Он ждёт, что вот-вот откуда-нибудь выскочит Луи и с камерой и завопит: «Видел бы ты своё лицо, чувак!» — и наверняка скорчит такую рожу, на которую Лиам на самом деле не способен. Потому что Зейн — Зейн, которого, по легенде, ненавидят бывшие одноклассники и отчим, Зейн, который уверен, что он пустое место, — кажется ему смутно знакомым. Так знакомы модели с обложек журналов возле касс, на которых ненадолго задерживаешь взгляд, потому что нужно как-то скоротать время в очереди; так знакомы актёры, сыгравшие эпизодическую роль в бесконечно длинном детективном сериале.
Зейн запросто может быть моделью или актёром — он невероятно красивый, и Лиам, кусая губы, пытается решить, стоит ли спрашивать напрямую, сколько платит ему Луи за участие в этом (глупом, несмешном, бесчеловечном) спектакле. Луи спонтанный, он любит импровизацию, но только не в том, что касается розыгрышей — к ним он подходит со всей ответственностью, тщательно планирует, продумывает самые мелкие детали. Так что операция «Разбитое сердце Лиама ради пары секунд его офигевшего лица на плёнке» вполне в его духе.
И Лиам ждёт — он надеется, надеется, что нет, но не может не ждать, — что сейчас «Зейн» обернётся и скажет: «Тебя разыграли, приятель, помаши в камеру». Этого не происходит. Зейн ставит перед ним высокую чашку с ароматным кофе и неуверенно улыбается:
— Не знаю, с чего начать. Я не совсем так представлял нашу встречу. Всё нормально?

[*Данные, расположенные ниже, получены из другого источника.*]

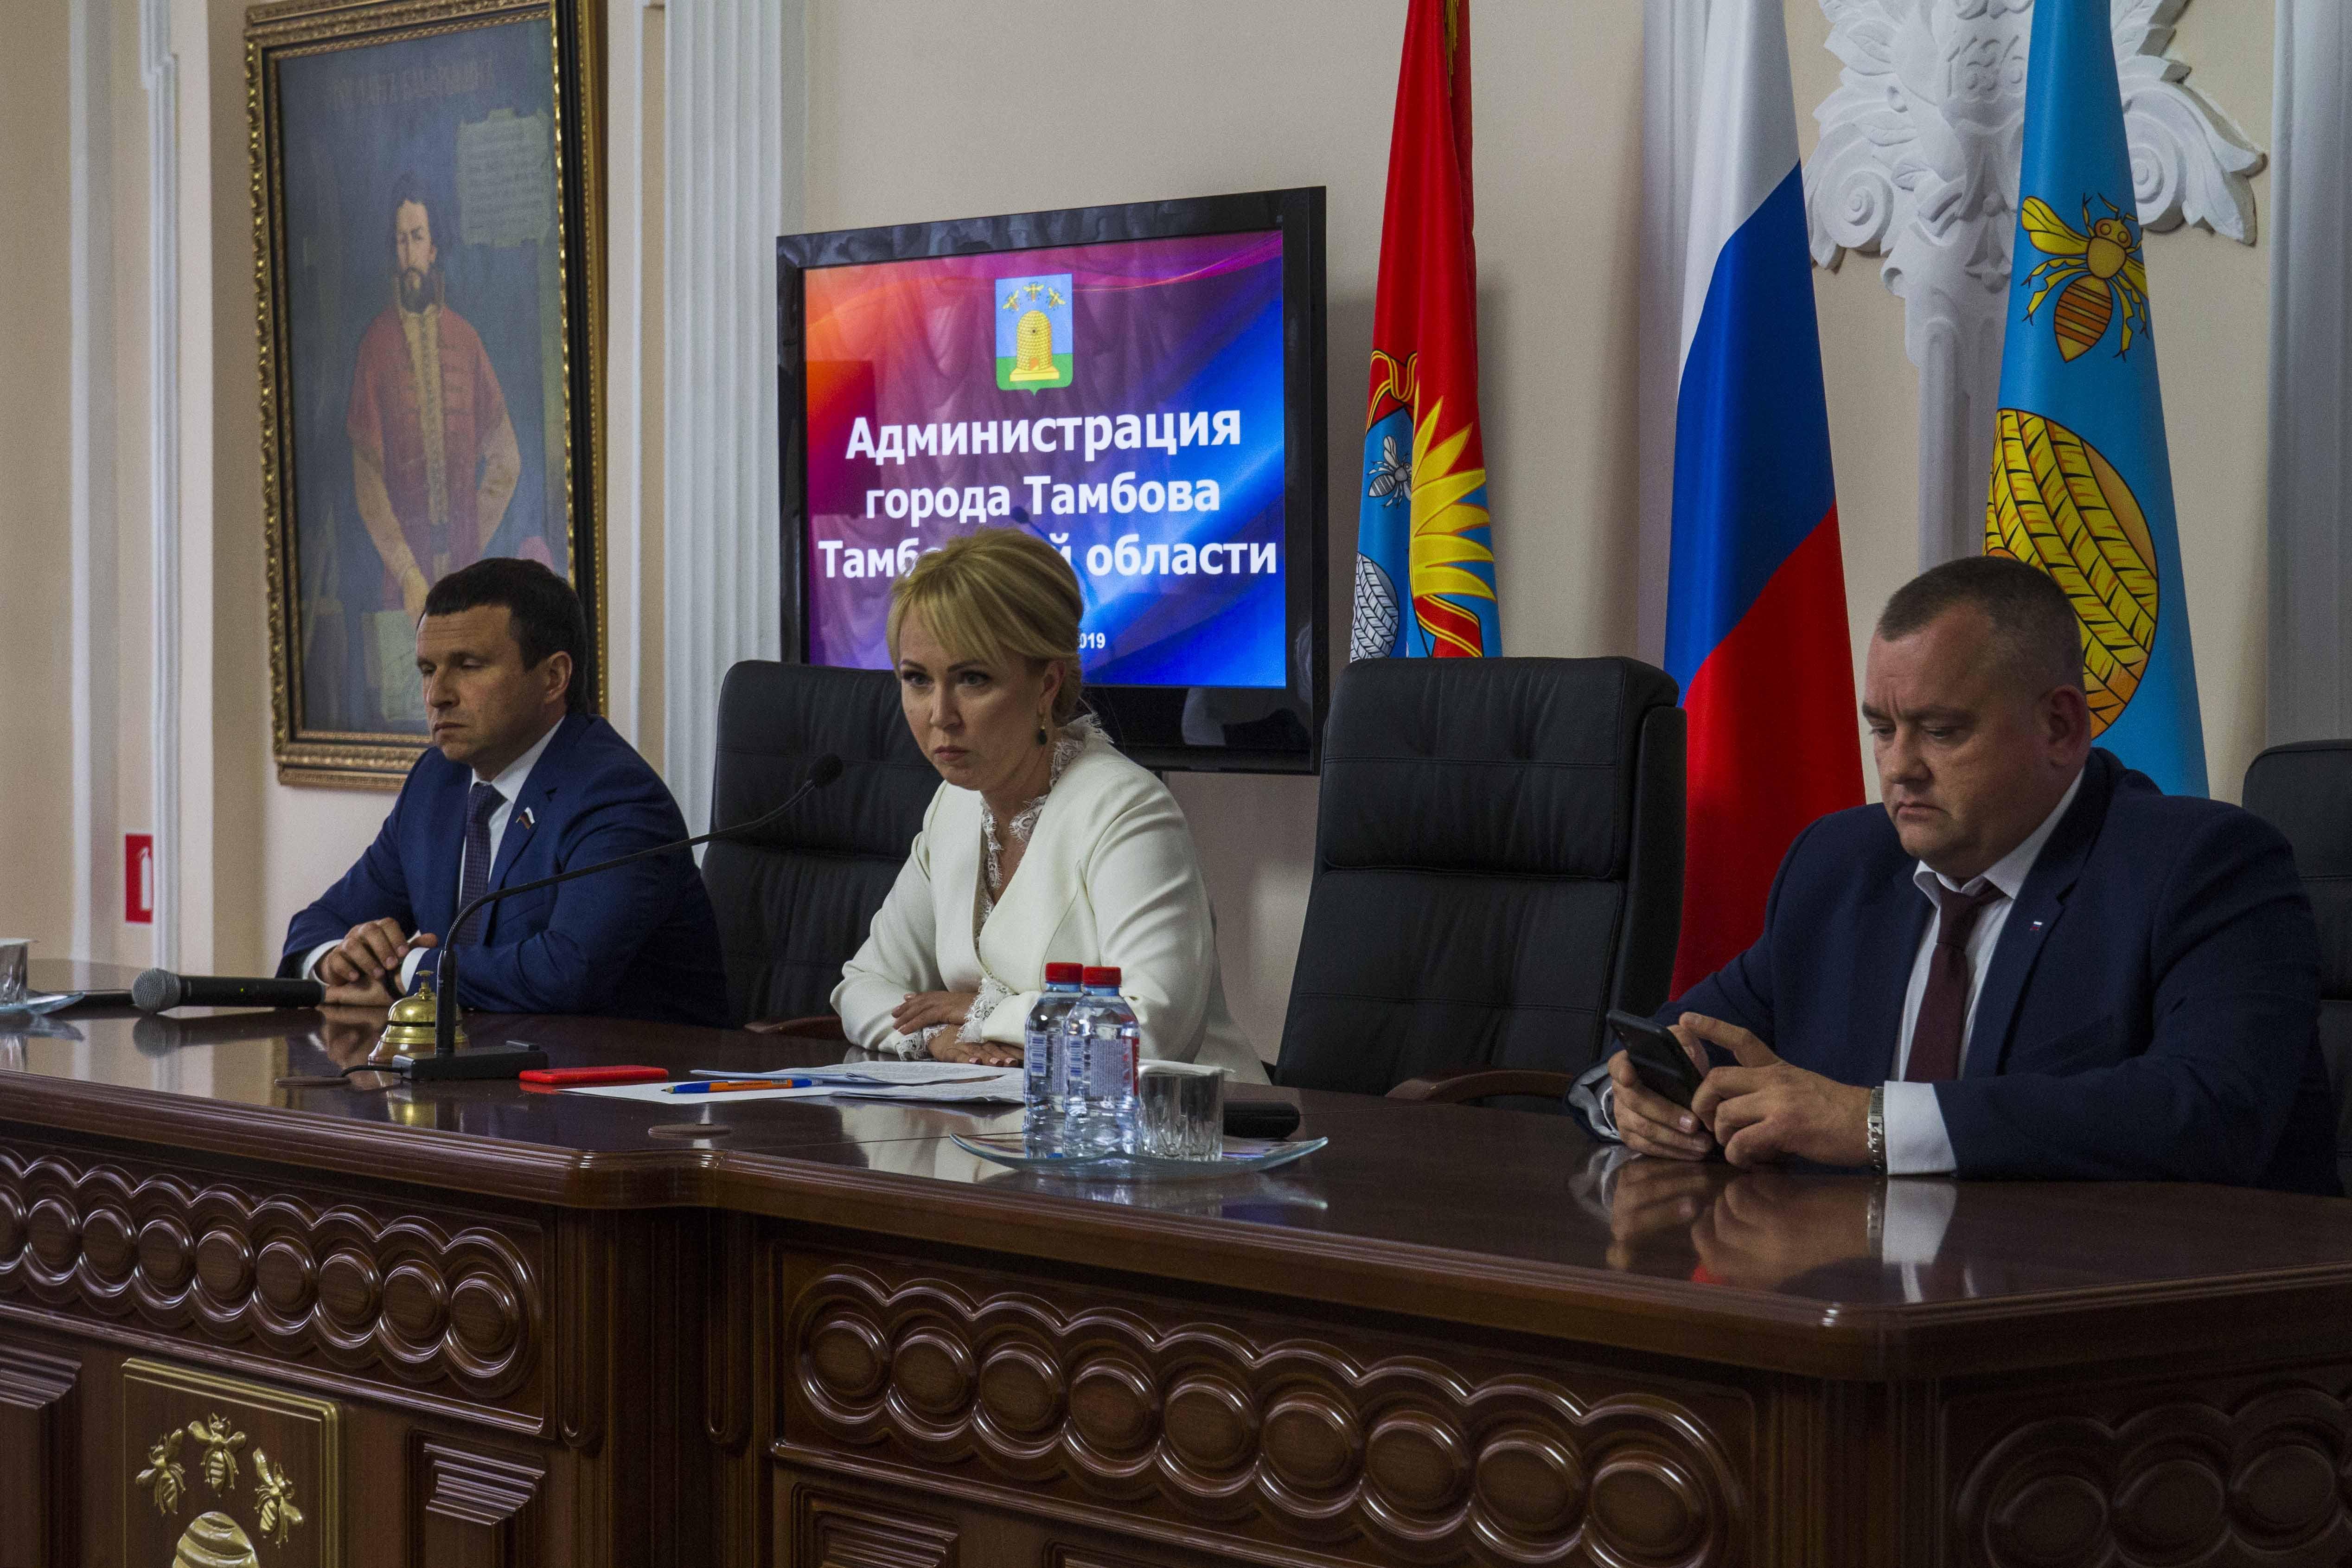 Новый глава Тамбова назначила своим первым замом Дмитрия Самородина и попросила городских чиновников забыть про нормированный рабочий день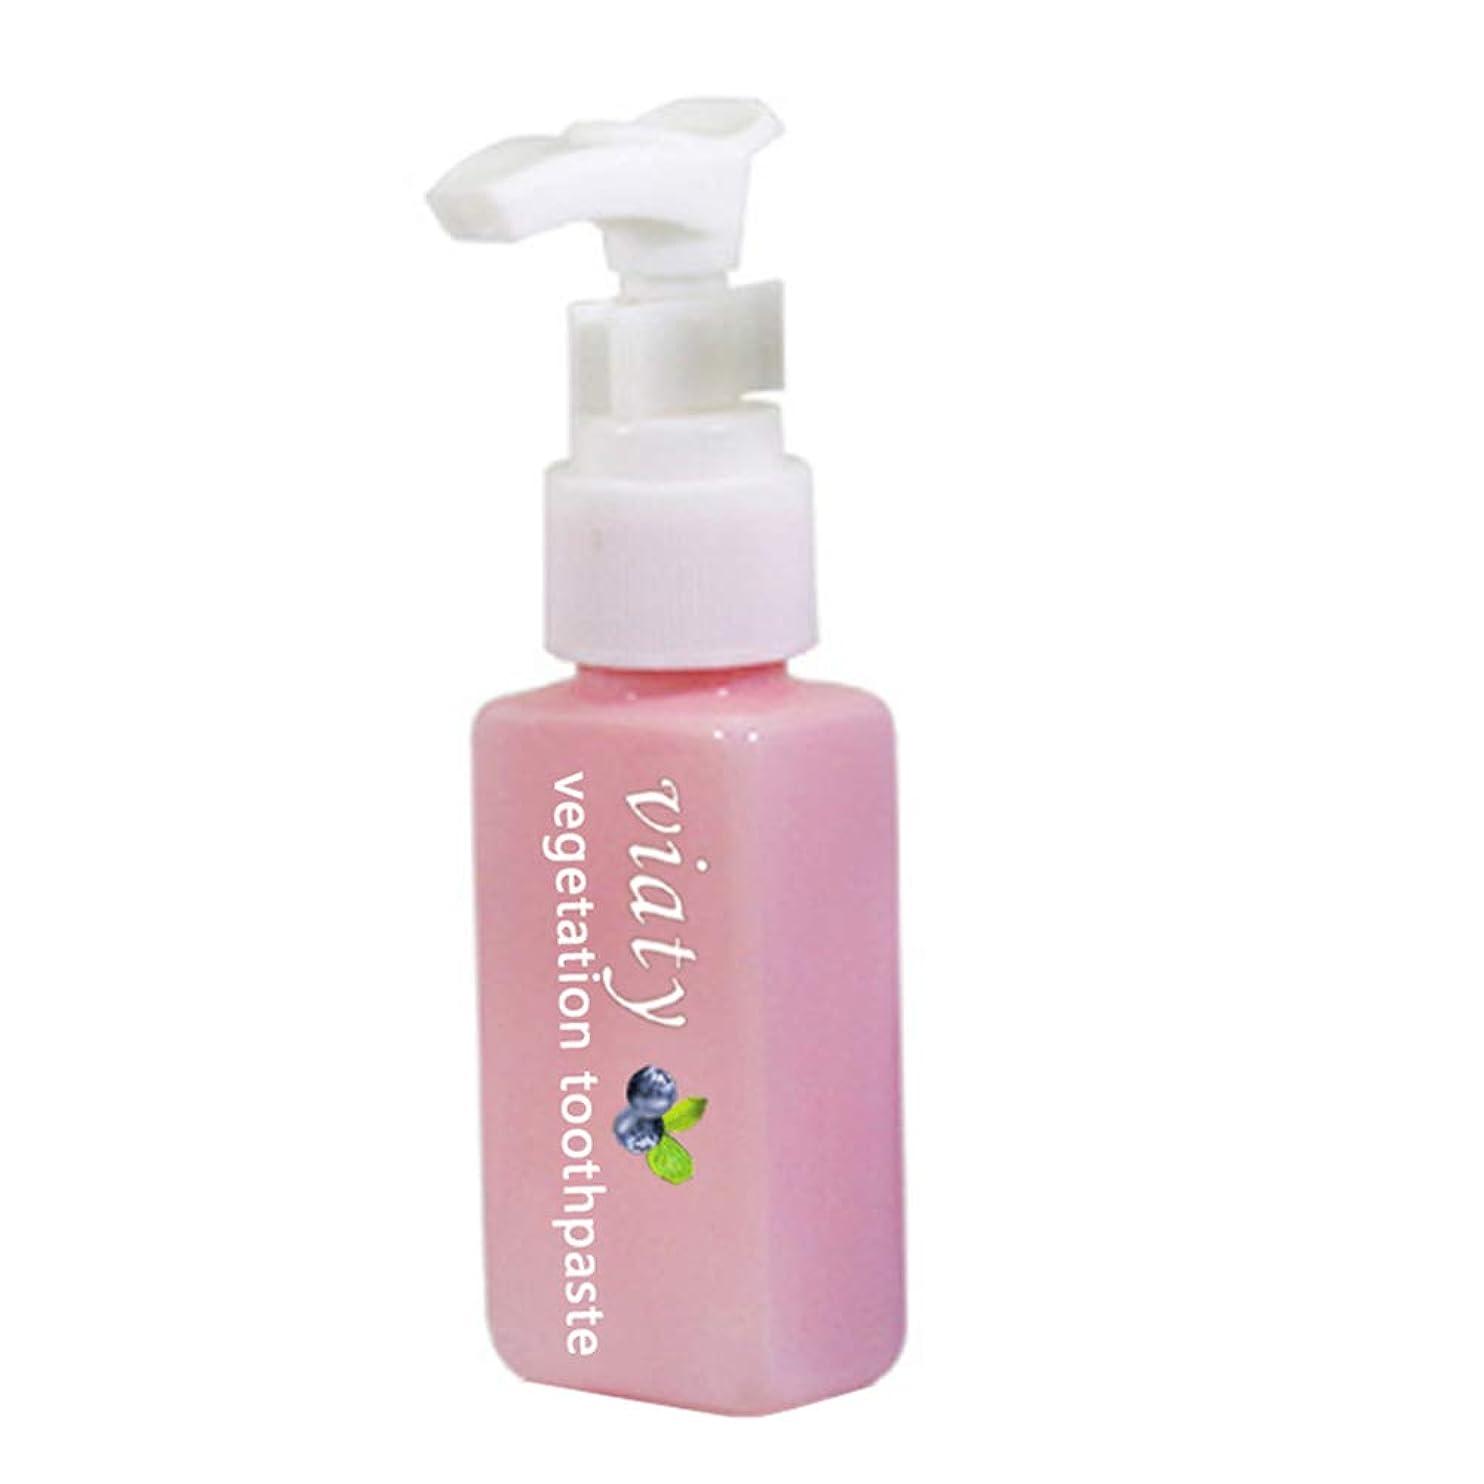 ベット人柄バイオリニストAylincool歯磨き粉アンチブリードガムプレスタイプ新鮮な歯磨き粉を白くする汚れ除去剤

Лиам отрицательно качает головой, и уголки (таких манящих, безумно привлекательных) губ Зейна стремительно опускаются вниз. Его угольно-чёрные ресницы кажутся ещё длиннее, когда он зажмуривает глаза:
— Видишь! — о да, Лиам видит! Ему приходится прикладывать кучу сил, чтобы не только любоваться, но ещё и слушать. — Именно это я имел в виду, когда говорил, что ты меня идеализируешь. Ты мог представлять себе какого угодно собеседника, но теперь, когда увидел, что я не соответствую твоим ожиданиям…
«Ты их превосходишь», — хочет сказать Лиам, но Зейн не даёт ему вставить ни слова. Его сбивчивые оправдания — Лиам не понимает, за что он оправдывается, уж не за свою ли красоту? — прерывает звонок колокольчика над дверью. Пока Зейн готовит капучино раскрасневшейся от мороза хорошенькой светловолосой студентке, которая не сводит глаз с Лиама, Лиам пытается подобрать нужные слова, чтобы потом вставить их в песню — потому что Зейн абсолютно точно заслуживает написанной о нём песни.
Он завораживающий. Он сжимает зубы, мельком взглянув на покупательницу, рассматривающую Лиама из-под полуопущенных ресниц — Лиам видит, как она смотрит на него, но ещё он видит, как очерчиваются и без того точёные скулы Зейна, и не думает о заинтересованном взгляде девушки. Он думает об острых лопатках Зейна — они ясно выделяются под бежевой рубашкой-поло, потому что он немного сутулится. Он думает о широких плечах Зейна и о его узких бёдрах, и ещё немножко о том, каким уродом нужно быть, чтобы превращать в ад жизнь такого удивительного — внешне и внутренне — человека. Он не успевает додумать, потому что блондинка отходит от прилавка и взгляд Зейна снова обращается к нему.
— Я дал тебе шанс незаметно уйти, — печально улыбается Зейн.
Лиам наконец-то обретает дар речи.
— Ну уж нет, — заявляет он, и Зейн слегка вздрагивает. — Ты мне все уши прожужжал про судьбу, а когда эта самая судьба сталкивает нас с тобой нос к носу, ты идёшь на попятную?
— Я кофе не пересластил?
— Нет. Зейн?
— Извини, — Зейн снова улыбается, теперь немного веселее, и Лиам чувствует, что уголки его собственных губ тоже ползут вверх. Зейн вытирает руки передником и протягивает правую Лиаму. — Рад видеть тебя, Лиам Пейн.
— Взаимно, Зейн Малик, — смеётся Лиам, отвечая на рукопожатие. — Итак, поговорим? Во-первых, чёрт подери, откуда ты здесь взялся?
Зейн отвечает ему застенчивой улыбкой:
— Кое-кто обещал сбрить мне брови, если я расскажу тебе об этом. Но ты можешь спросить о чём-нибудь другом.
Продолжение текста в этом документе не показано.